Considering that more than 60 percent of Chicago’s registered voters didn’t bother to go to the polls, you should keep in mind that only some 20 percent of Chicagoans actively supported your candidacy. And I’m sure you realize that one of the prime factors in your election was the support of your former employer, the Chicago Teachers Union. Many people now assume you are “their” mayor, and will carry out the parts of their agenda that have nothing directly to do with educating Chicago’s children.
What they don’t understand – and what you need to accept if you are to succeed – is that your country and your city are part of a Capitalist economic system, a system it shares with most of the world; and that has been largely responsible for almost eliminating abject poverty. Granted, it can be messy, but it certainly seems more rational – and fairer, to be honest – than the Socialist paradises of Cuba, Venezuela and North Korea, where the governments still try to control means of production that hardly exist anymore.

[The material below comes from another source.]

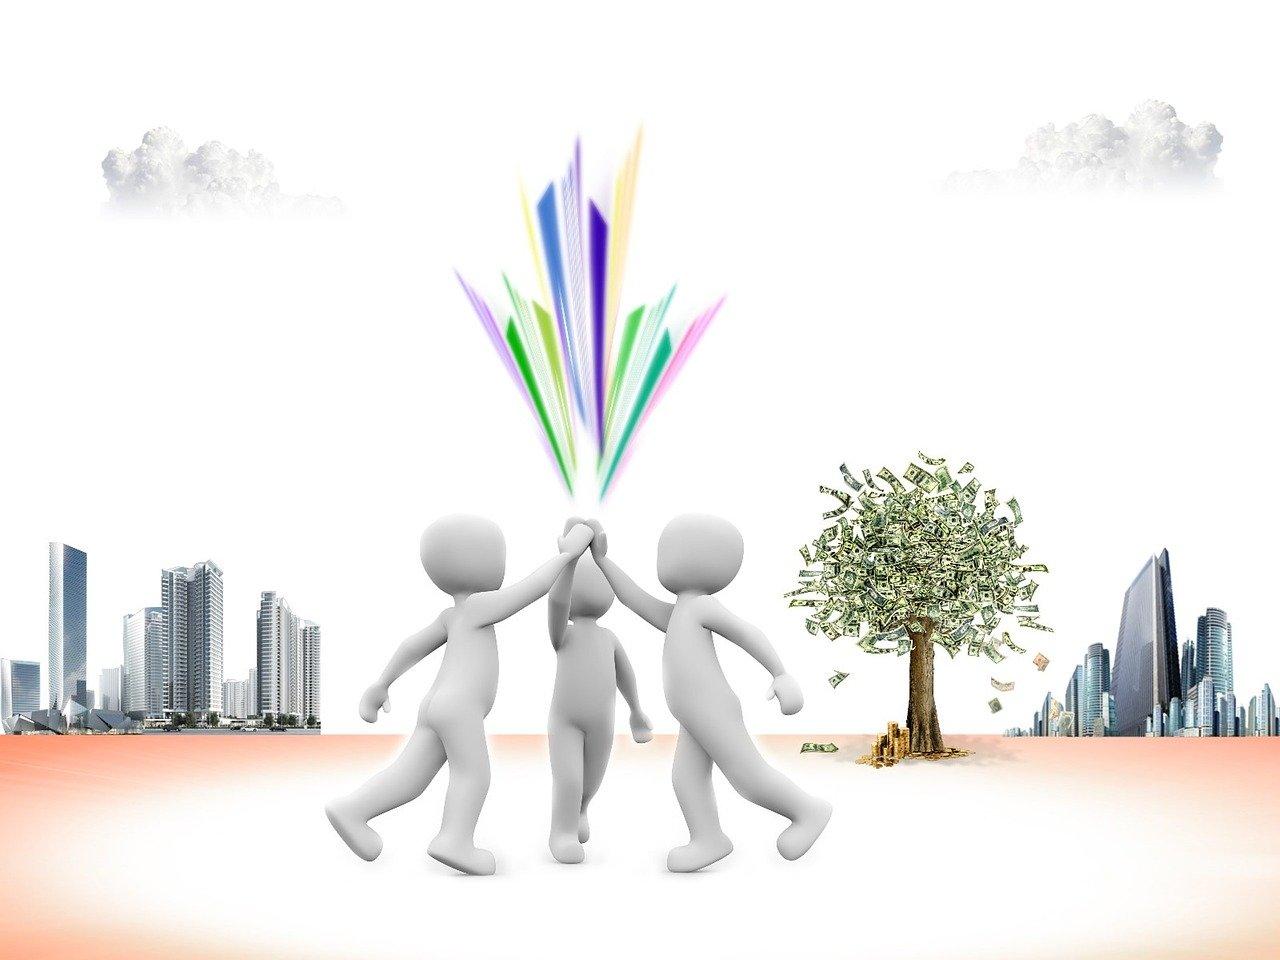 meeting, group of people, set

When you claim that the rich and corporations must “pay their share,” of taxes and fees, are you aware that 10 percent of the nation’s taxpayers pay 90 percent of its taxes? I haven’t been able to find actual figures for Chicago, but I suspect they’re roughly the same. Also, keep in mind that our unique Federal system permits corporations to shop around for better deals. If the folks in Texas and Florida offer lower taxes and less red tape, then there’s nothing to stop the Boeings, Caterpillars, and Citadels from leaving town. By all means, add a “head tax” to the burden of doing business in Chicago; just don’t be surprised when more corporations vote with their feet.
You’re on record as advocating defunding the Chicago Police Department (CPD). When it became obvious that the increase in crime had become a major issue, you claimed you really didn’t mean it. But when you said it, you really did mean it.. Has experience, or the need to get elected, changed your views? If so, why not just admit it? One of your biggest challenges will be to restore the morale of the rank and file of the CPD. It should come as no surprise that they don’t like you. I don’t envy you this task, but you might start by appointing a new superintendent that they can trust and support, but who will also actually seek to comply with the 2018 Federal Consent Decree.
You should also meet with the head of the police union, John Catanzara. I know, he’s a jerk, but he represents a third of your future employees. He almost certainly thinks you’re out to destroy the CPD. Don’t tell him what you plan to do; ask him to tell you what he thinks you should do. Don’t argue with him; just listen. Confrontation didn’t work for Mayor Lightfoot, and it won’t work for you.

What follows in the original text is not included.